Configuration and Model Selection

User-facing knobs

SettingDefaultNotes
general.showSessionRecapfalseAuto-trigger only. Manual /recap ignores this.
general.sessionRecapAwayThresholdMinutes5Minutes blurred before auto-recap fires on focus-in. Matches Claude Code's default.
fastModelunsetRecommended (e.g. qwen3-coder-flash) for fast and cheap recaps.

Model fallback

config.getFastModel() ?? config.getModel():

  • User has a fastModel set and it is valid for the current auth type → use fastModel.
  • Otherwise → fall back to the main session model (works, just costlier and slower).

Observability

createDebugLogger('SESSION_RECAP') emits:

  • caught exceptions from the recap path (debugLogger.warn).

All failures are fully transparent to the user — recap is an auxiliary feature and never throws into the UI. Developers can grep for the [SESSION_RECAP] tag in the debug log file: written by default to ~/.qwen/debug/<sessionId>.txt (latest.txt symlinks to the current session); disable via QWEN_DEBUG_LOG_FILE=0.

Out of Scope

ItemWhy not
Progress UI for /recap (spinner / pendingItem)3-5 second wait is tolerable; adds complexity.
Automated testsService is small (~150 lines), end-to-end tested manually first; unit tests can land in a separate PR.
Localized promptsThe system prompt is for the model; English is the most reliable substrate.

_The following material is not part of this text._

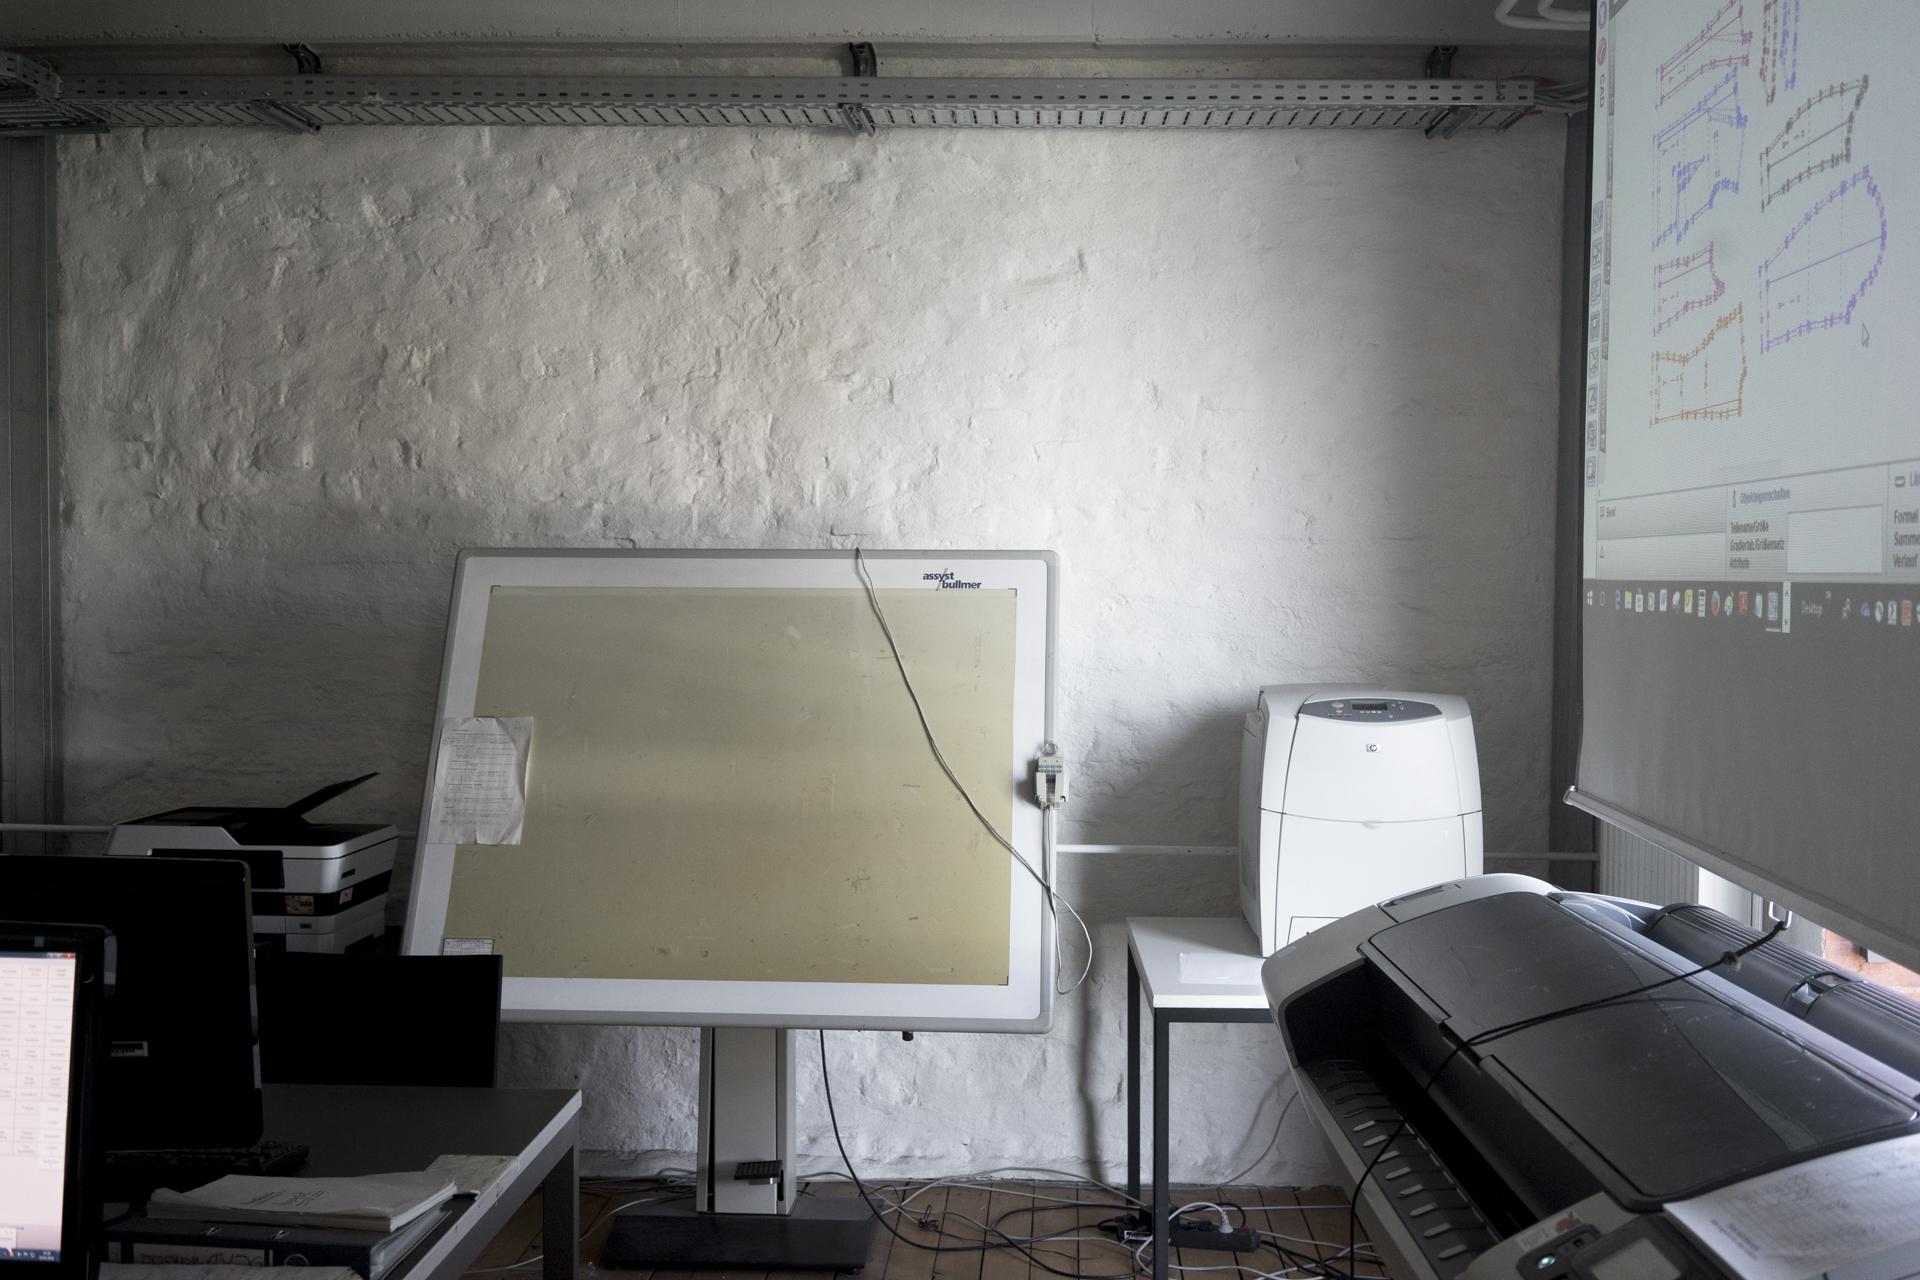 Werkstatt Bild

The model selects the output language from the conversation.
QWEN_CODE_ENABLE_AWAY_SUMMARY env varClaude Code uses it to keep the feature on when telemetry is disabled; Qwen Code's current telemetry model doesn't need this.
Auto-recap on /resume completionA natural follow-up but needs a hook point in useResumeCommand; out of scope for this PR.